Saved entries:
######
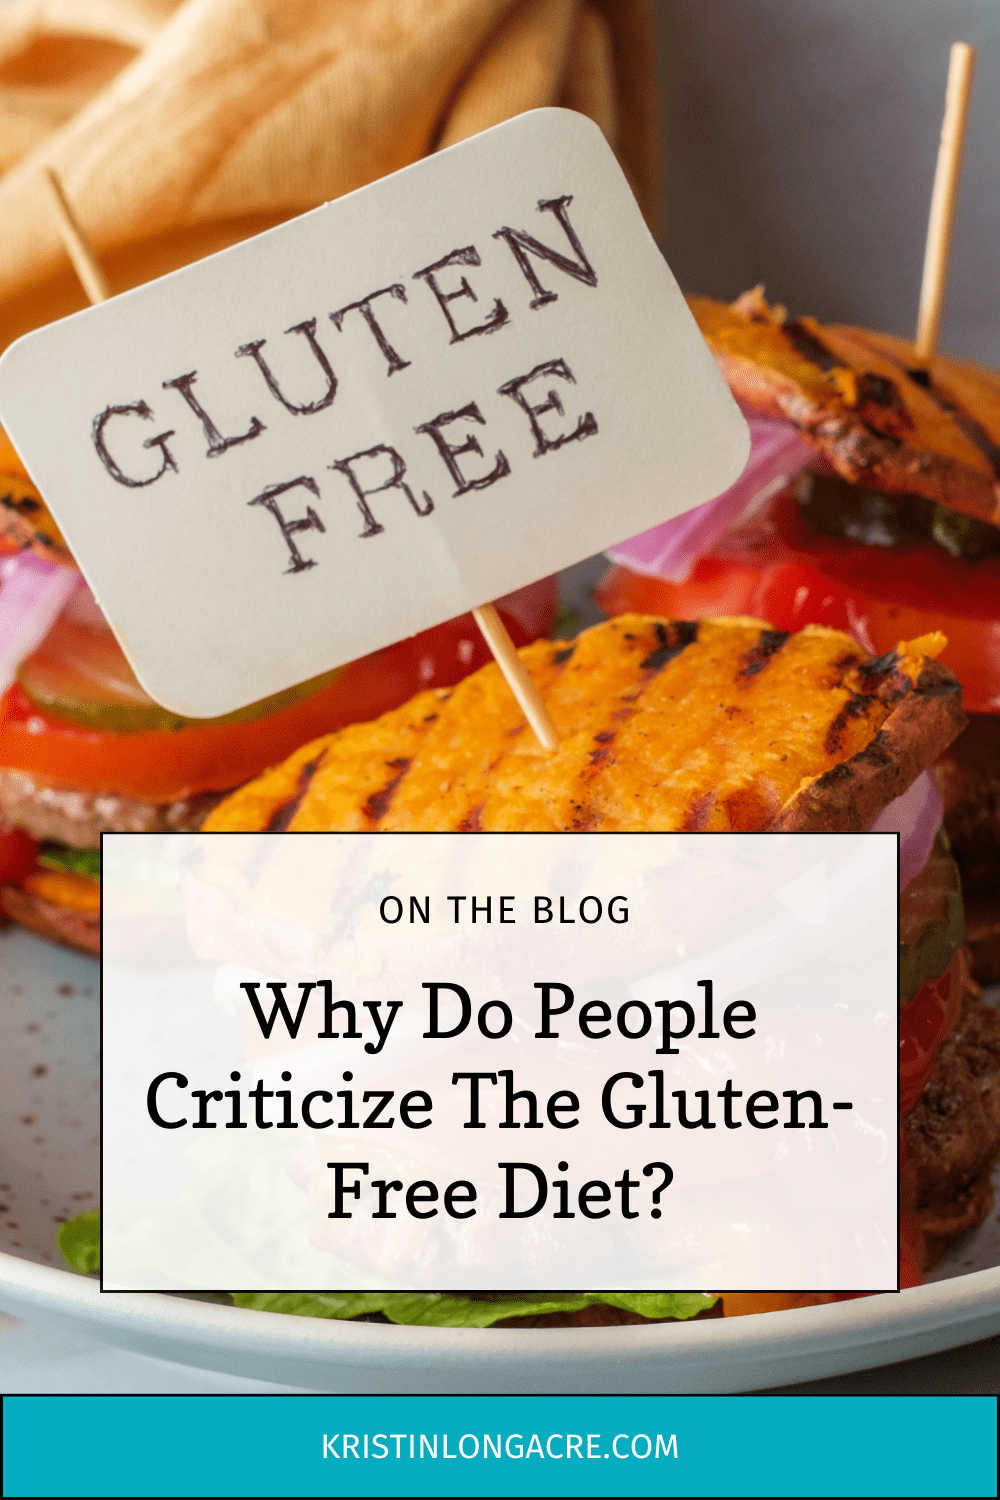 Why Do People Criticize The Gluten-Free Diet
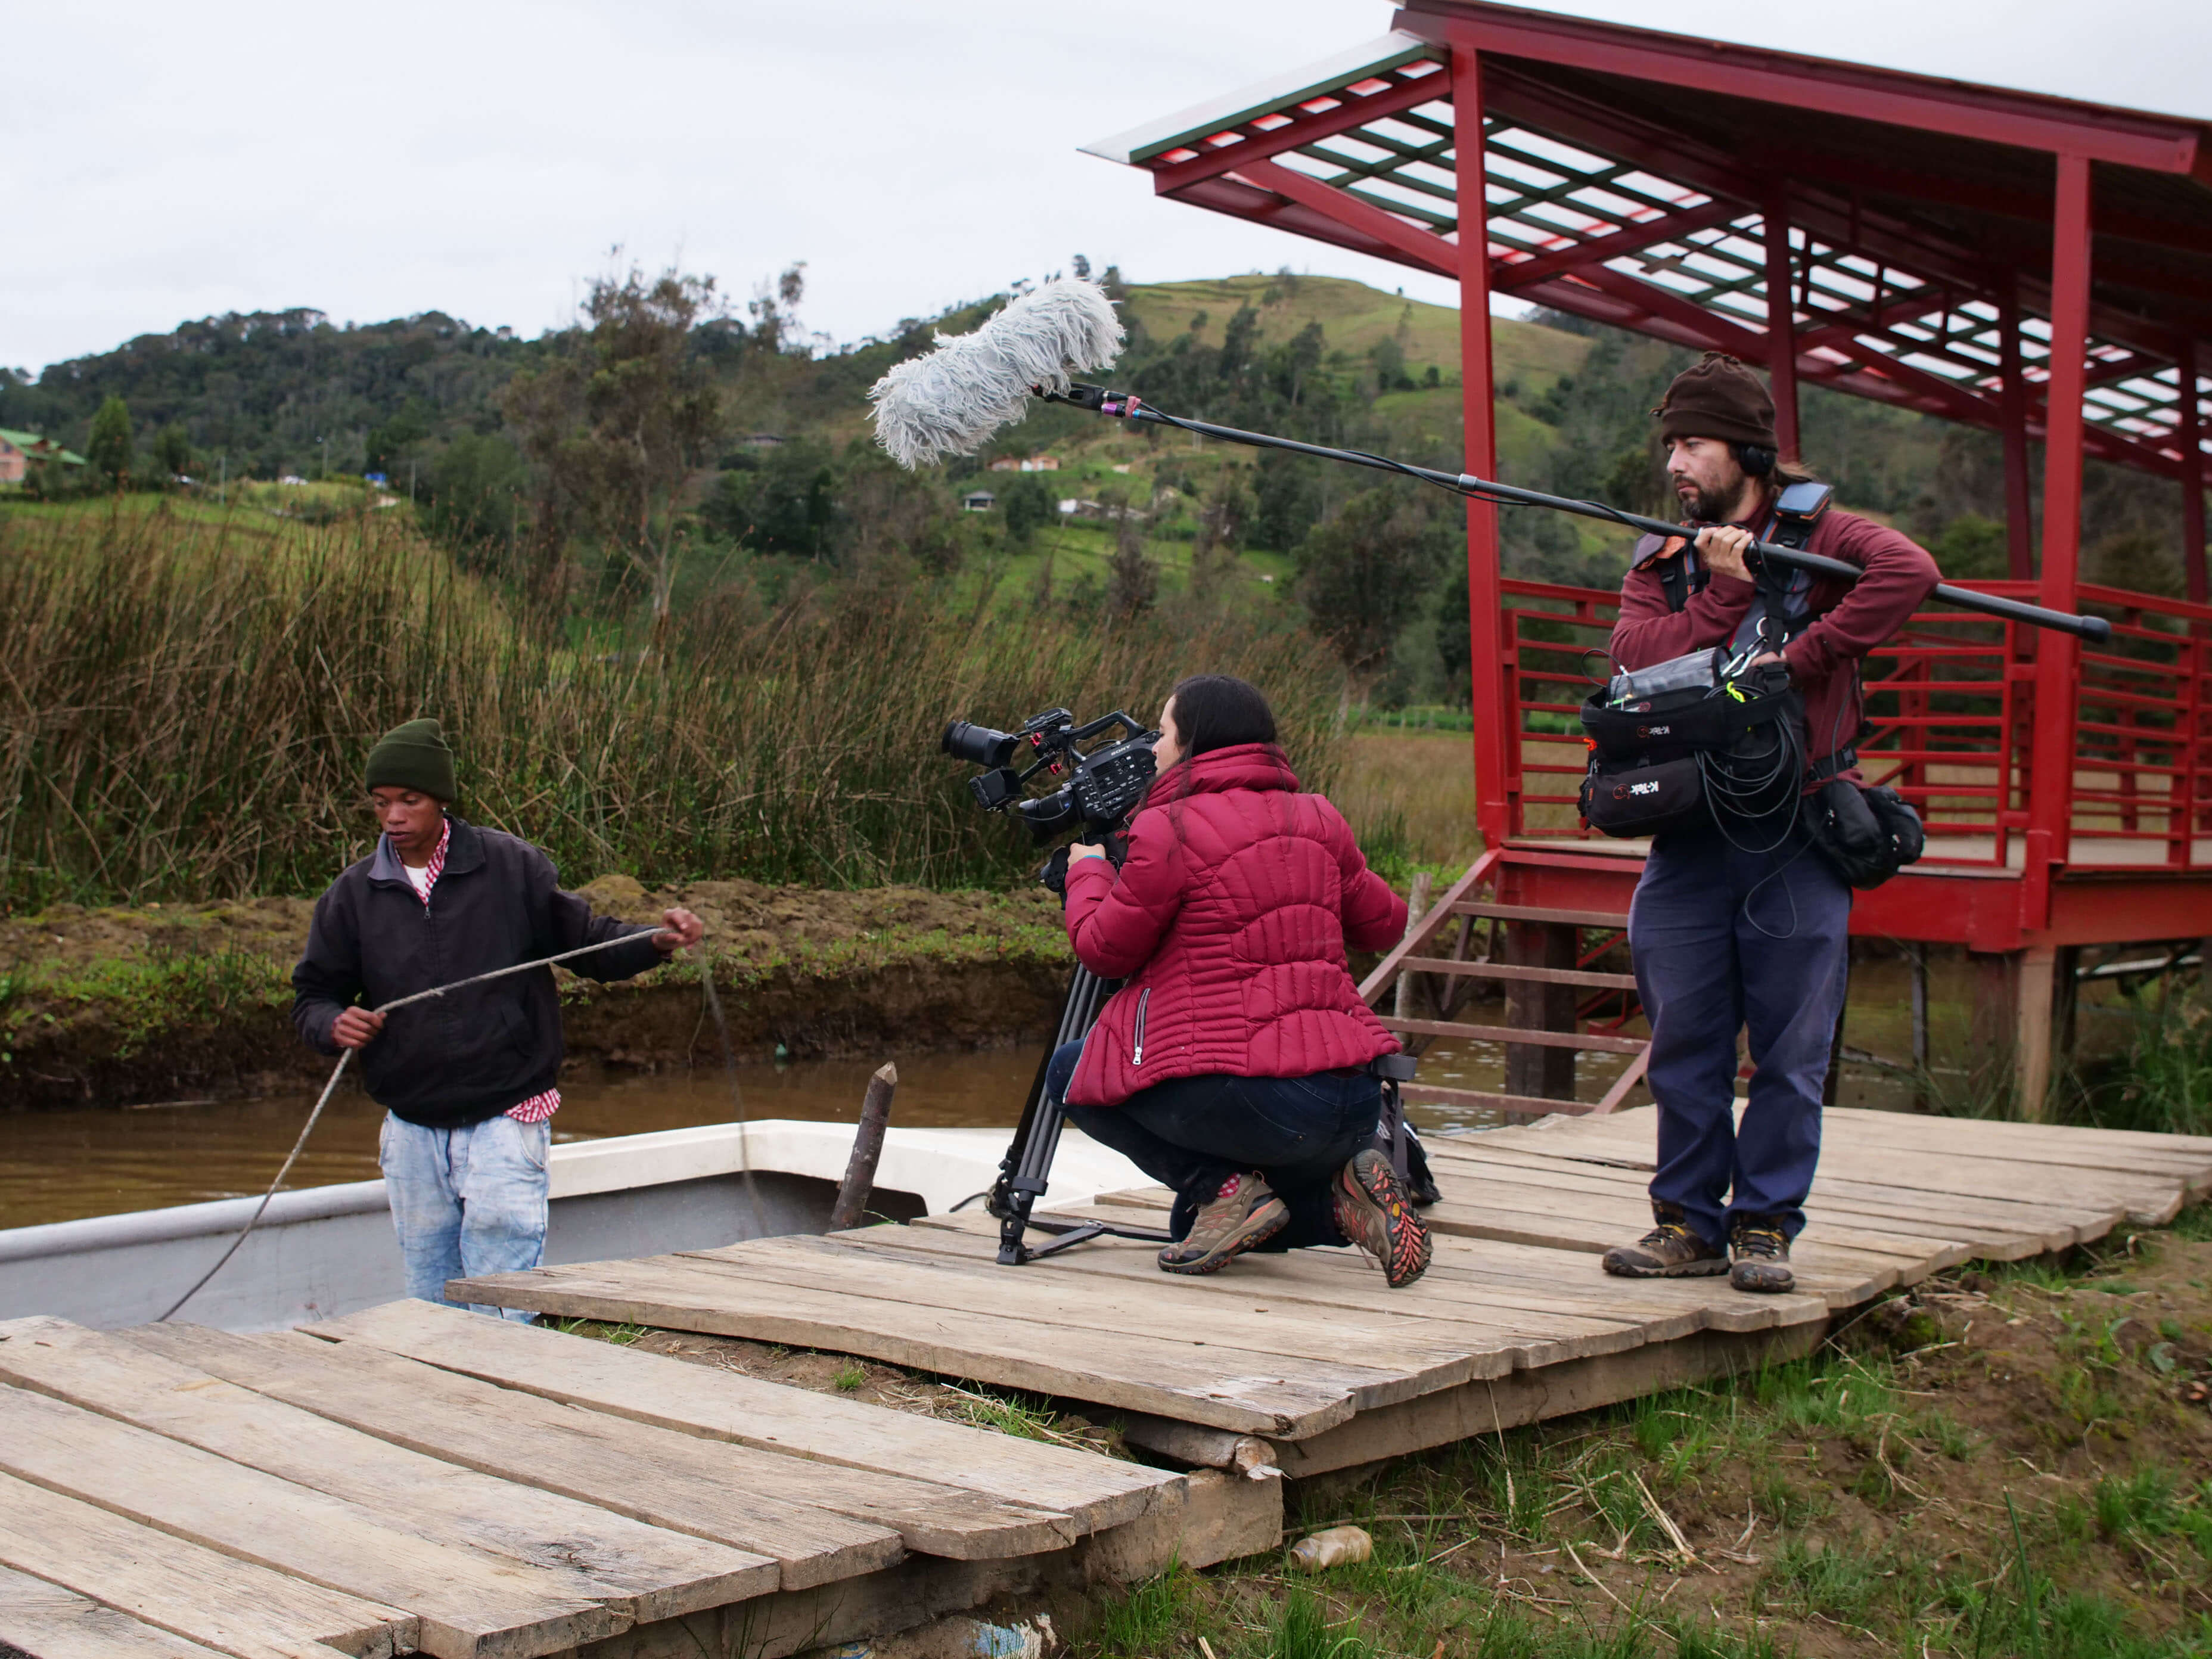 Production still of Paths of Fire. Filmmaker Viviana Gómez Echeverry is working with a camera and with a sound crew person. They are filming a man working on a boat.
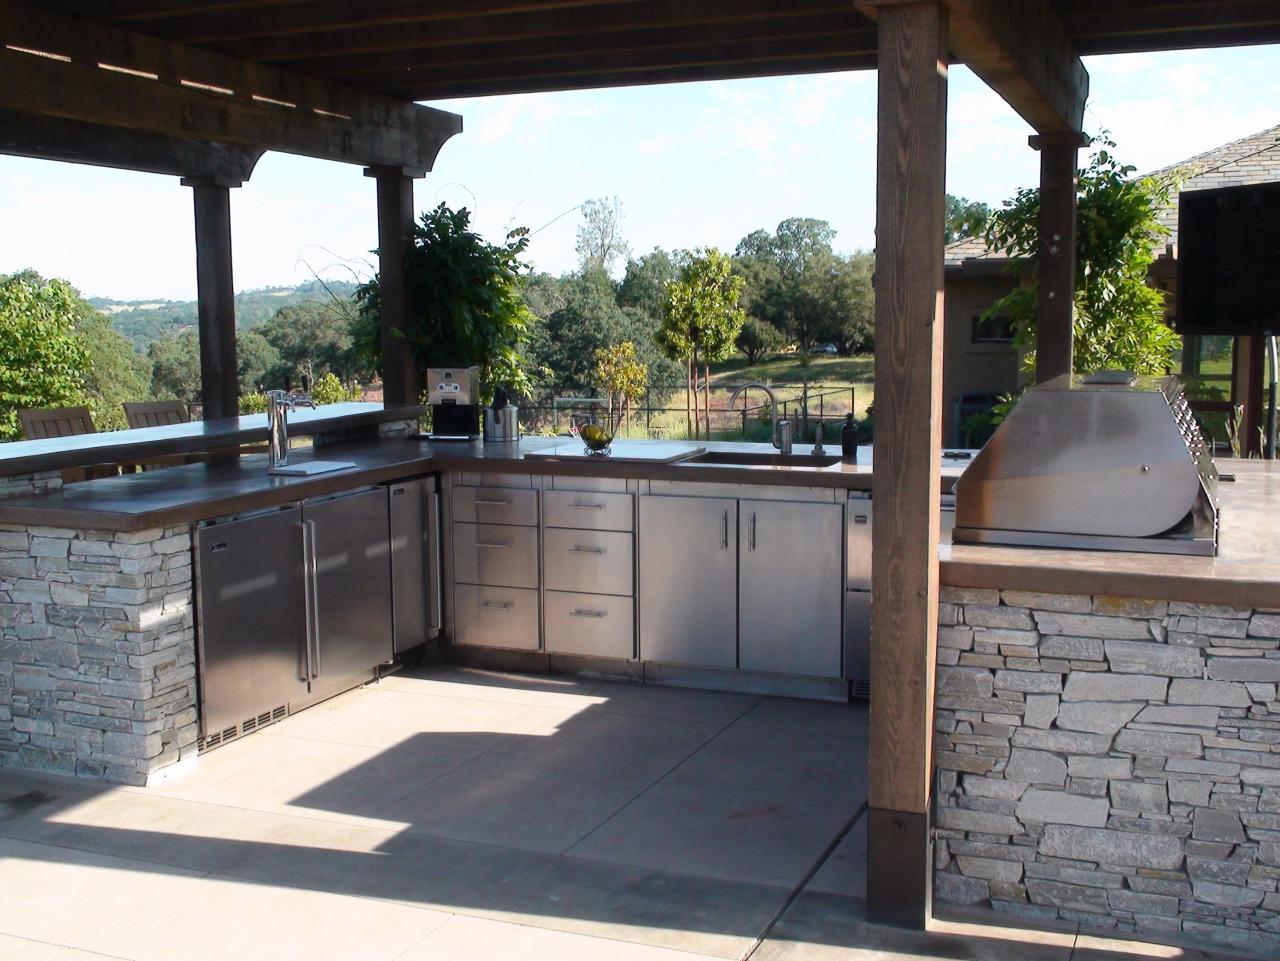 Optimizing An Outdoor Kitchen Layout, Best Outdoor Kitchens 2021
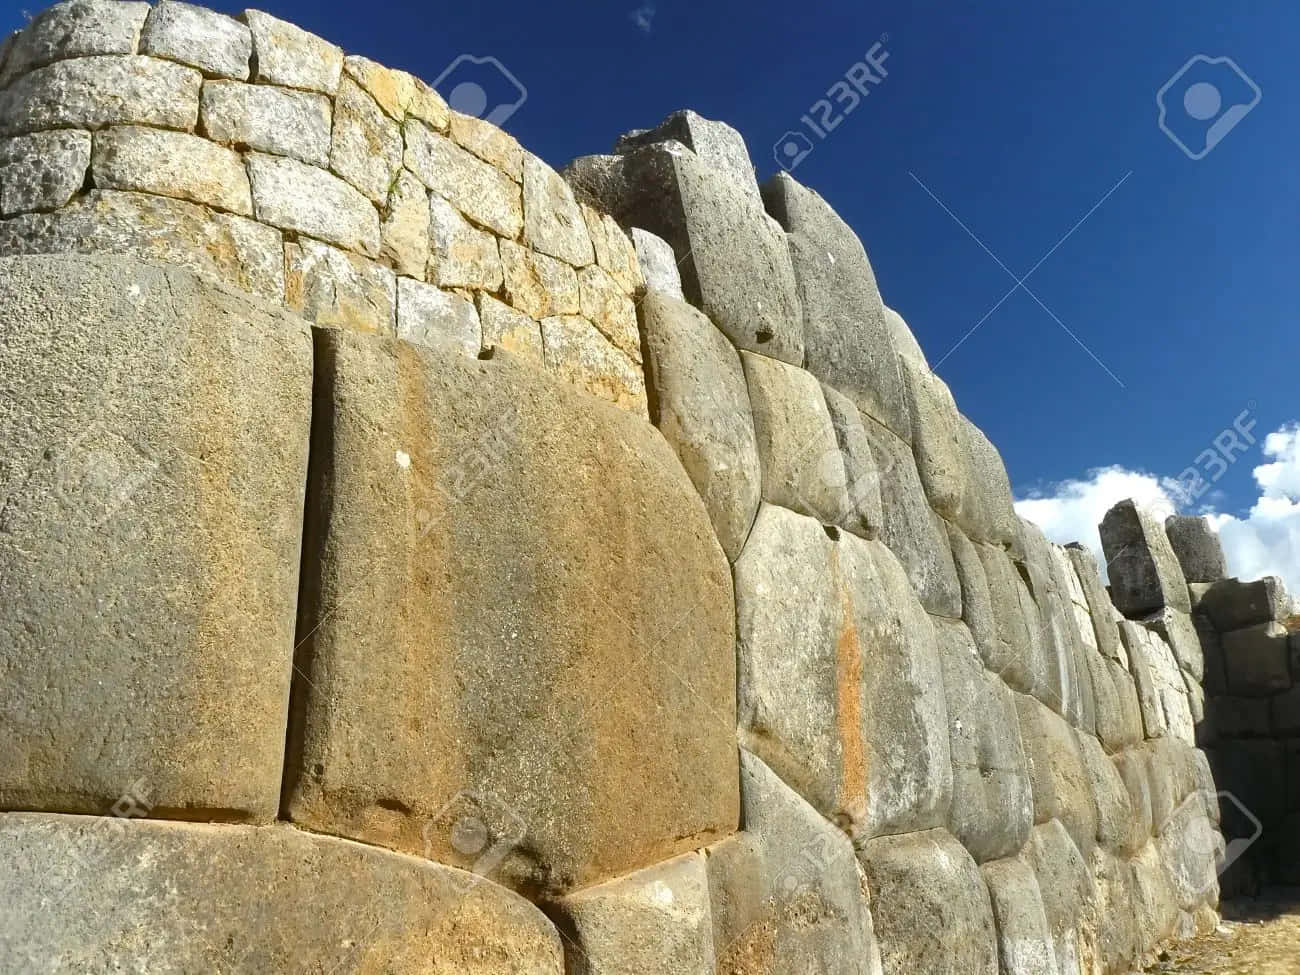 Mesmerizing View Of Sacsayhuaman, The Inca Military Fortress In Cusco, Peru Wallpaper
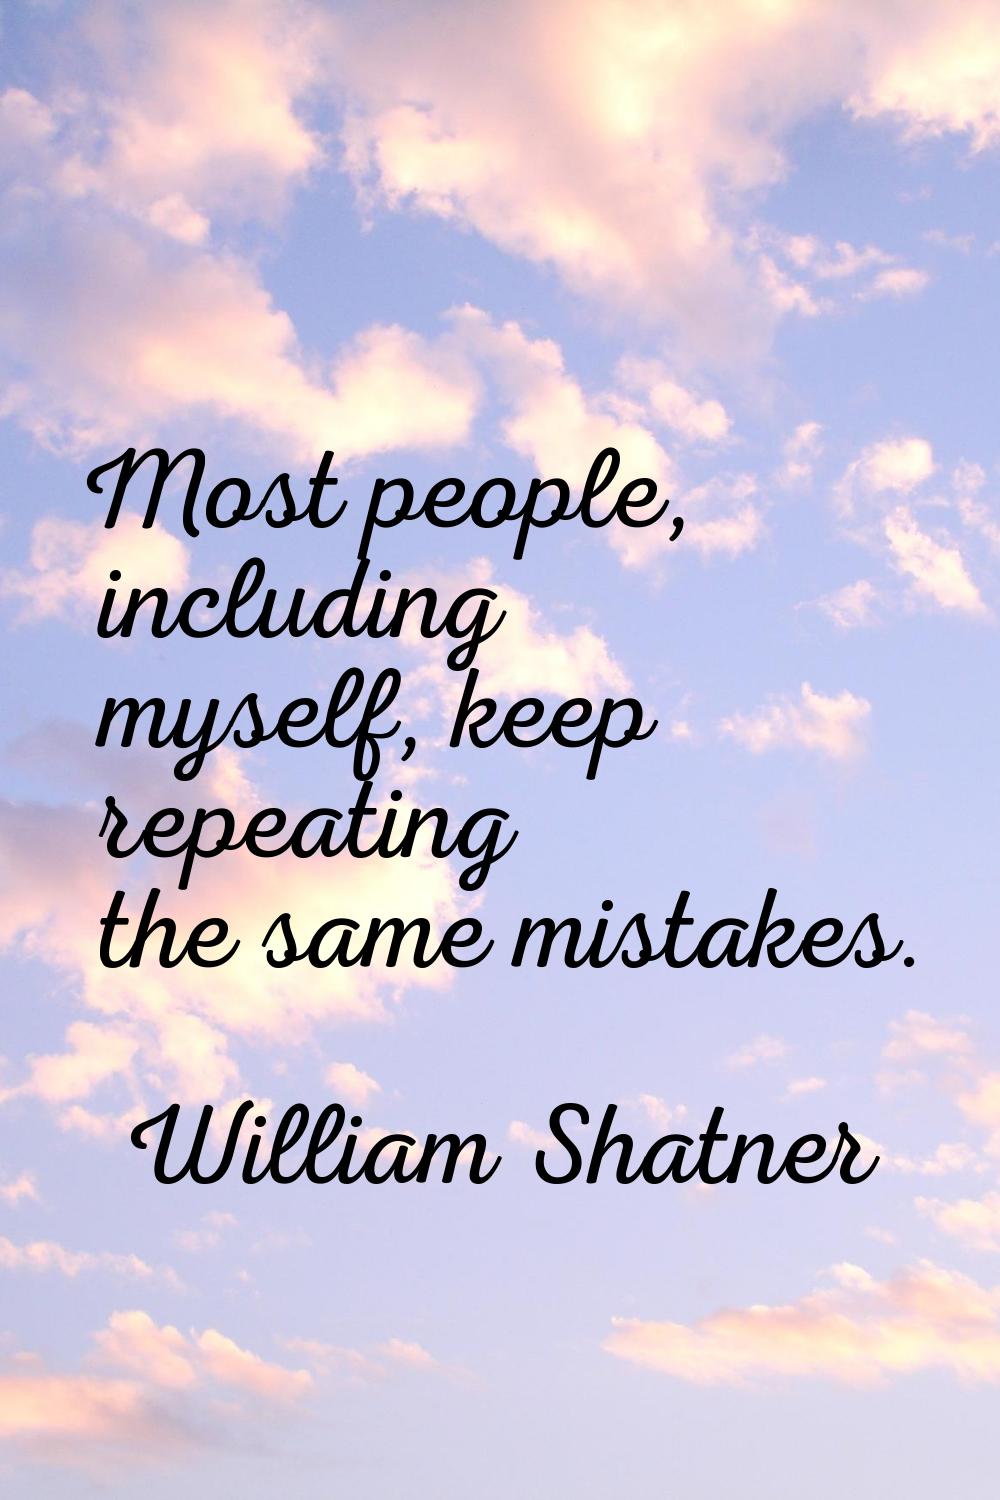 Most people, including myself, keep repeating the same mistakes.
######
## WHAT IS NEEDED:
Look above for the line with "Production still of" and the line with "Optimizing An Outdoor", then restate exactly those two lines and all lines between them, with no pictures.

## THE COMPLETED TASK:
 Production still of Paths of Fire. Filmmaker Viviana Gómez Echeverry is working with a camera and with a sound crew person. They are filming a man working on a boat.
 Optimizing An Outdoor Kitchen Layout, Best Outdoor Kitchens 2021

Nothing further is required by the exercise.